Problem details:
Each line in the material below, starting at the one with "Enlarge image: Schwarz-weiß" and ending at the one with "Détail de monstres", is to be reproduced exactly; no picture is to be copied.

***** Record set

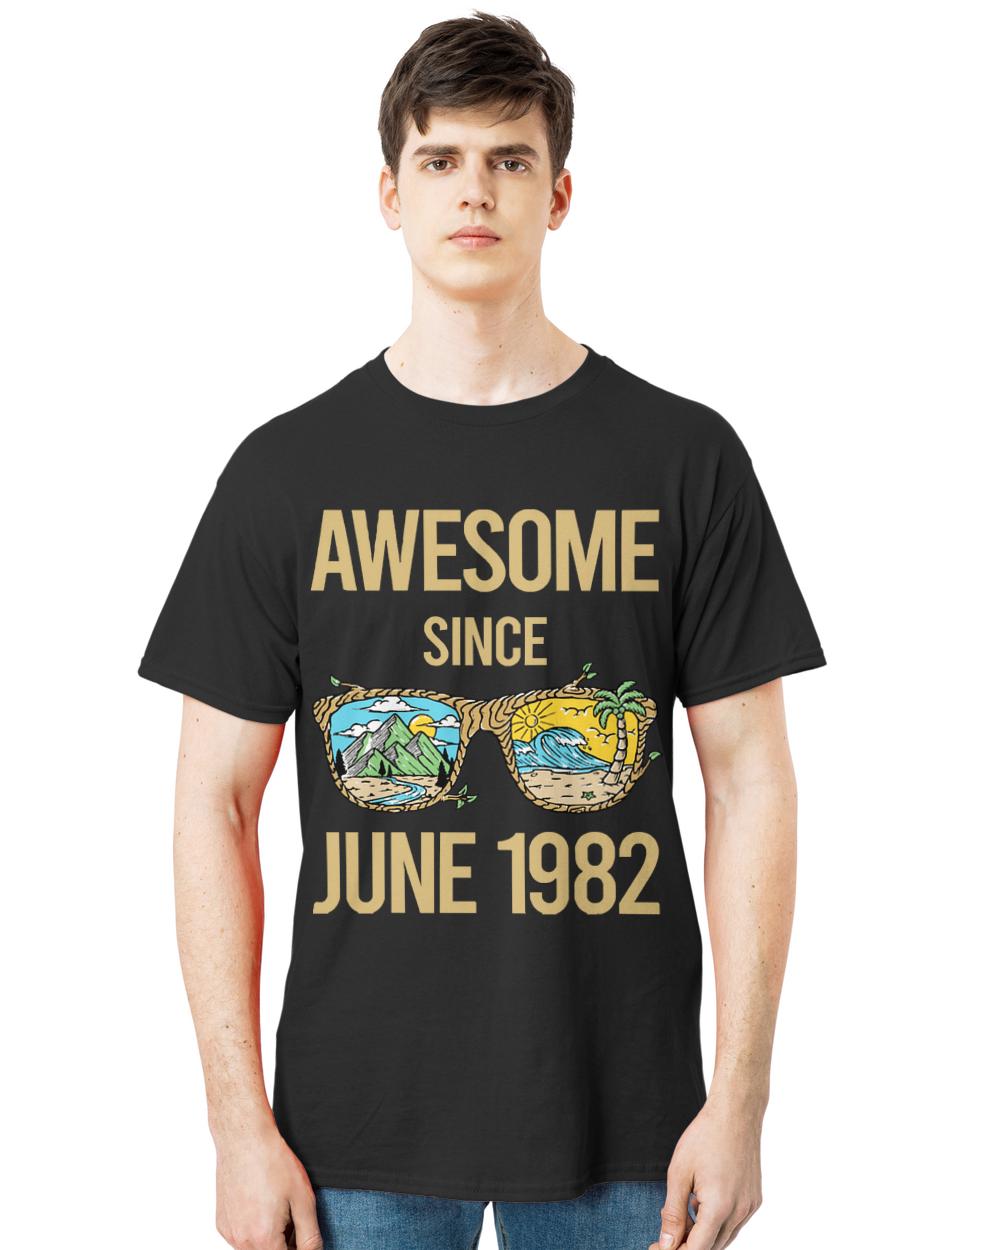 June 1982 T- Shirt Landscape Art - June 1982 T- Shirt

**********
***** Record set

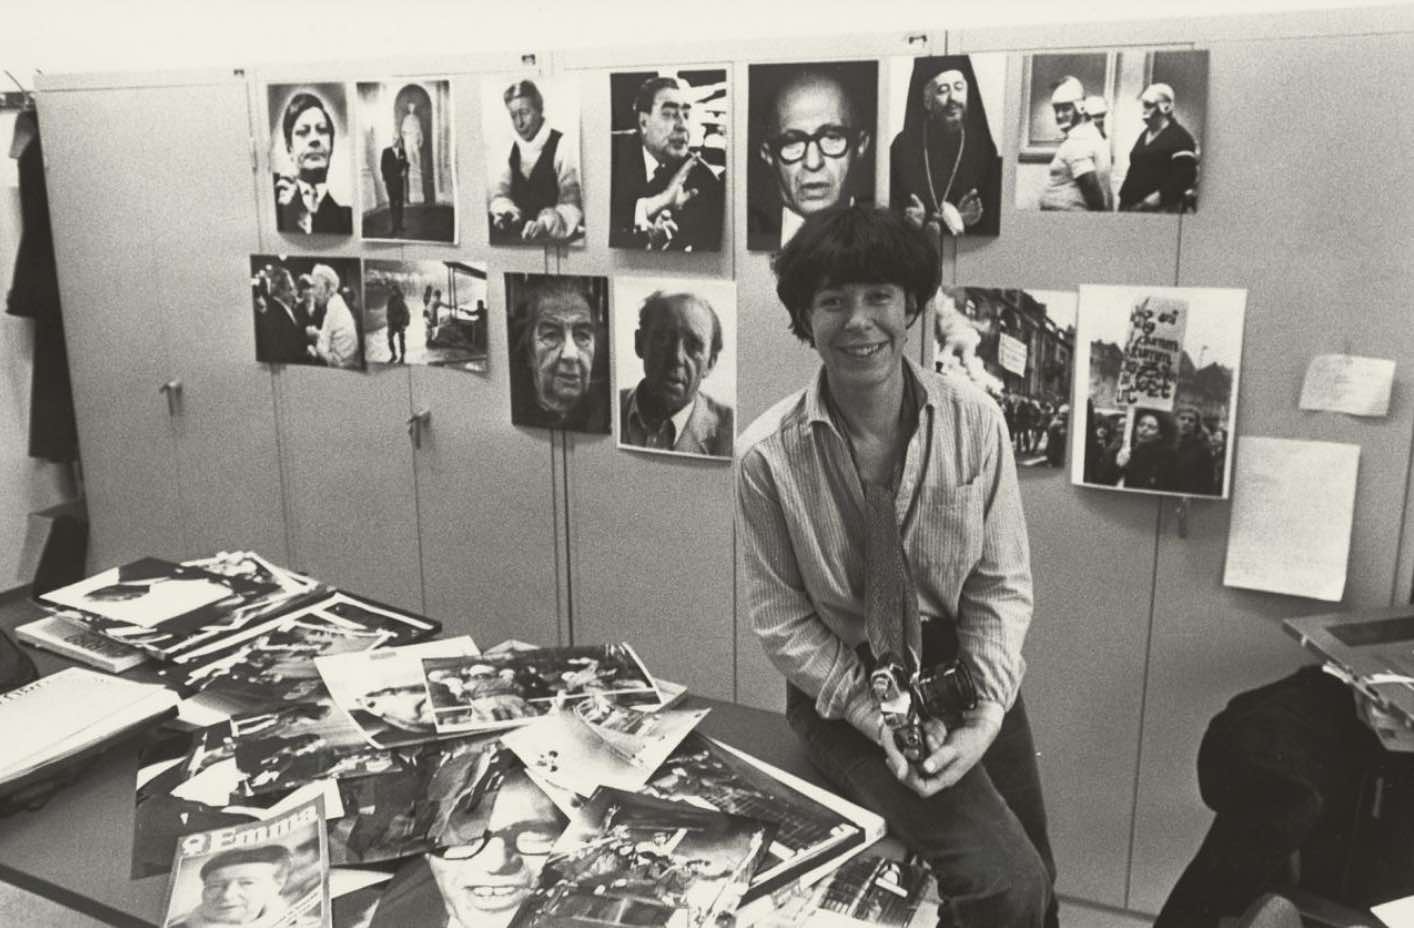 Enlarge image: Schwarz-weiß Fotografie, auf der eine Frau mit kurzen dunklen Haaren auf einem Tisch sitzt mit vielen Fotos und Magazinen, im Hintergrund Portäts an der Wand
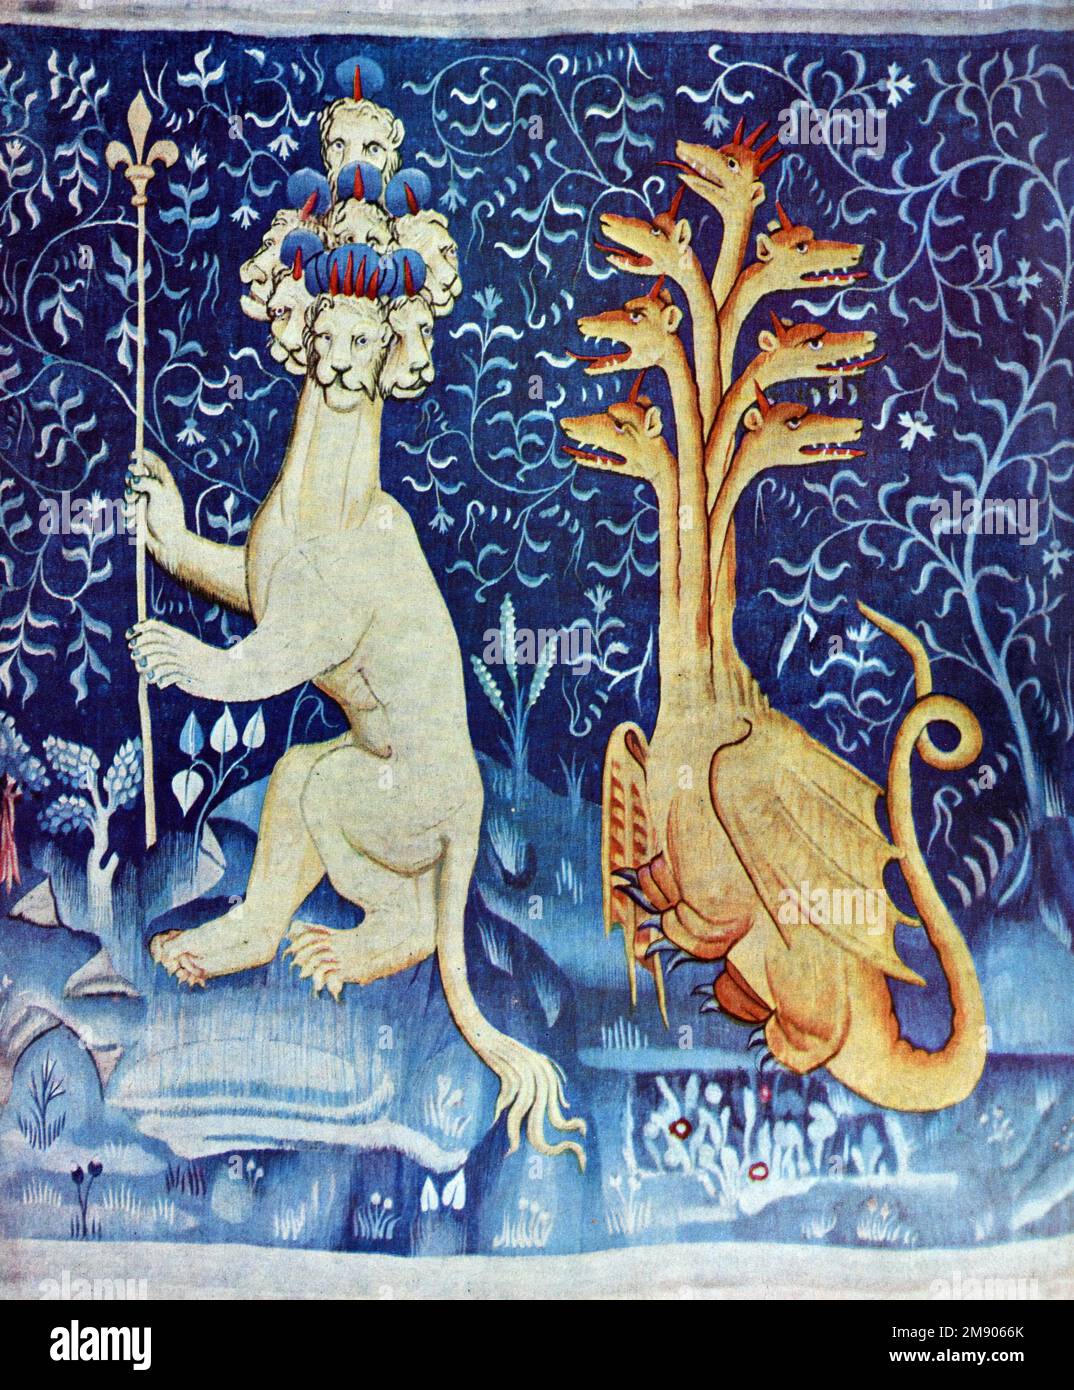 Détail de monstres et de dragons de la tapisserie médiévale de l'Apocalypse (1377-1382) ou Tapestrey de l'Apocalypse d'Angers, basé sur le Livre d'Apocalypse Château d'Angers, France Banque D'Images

**********

Worked solution:
 Enlarge image: Schwarz-weiß Fotografie, auf der eine Frau mit kurzen dunklen Haaren auf einem Tisch sitzt mit vielen Fotos und Magazinen, im Hintergrund Portäts an der Wand
 Détail de monstres et de dragons de la tapisserie médiévale de l'Apocalypse (1377-1382) ou Tapestrey de l'Apocalypse d'Angers, basé sur le Livre d'Apocalypse Château d'Angers, France Banque D'Images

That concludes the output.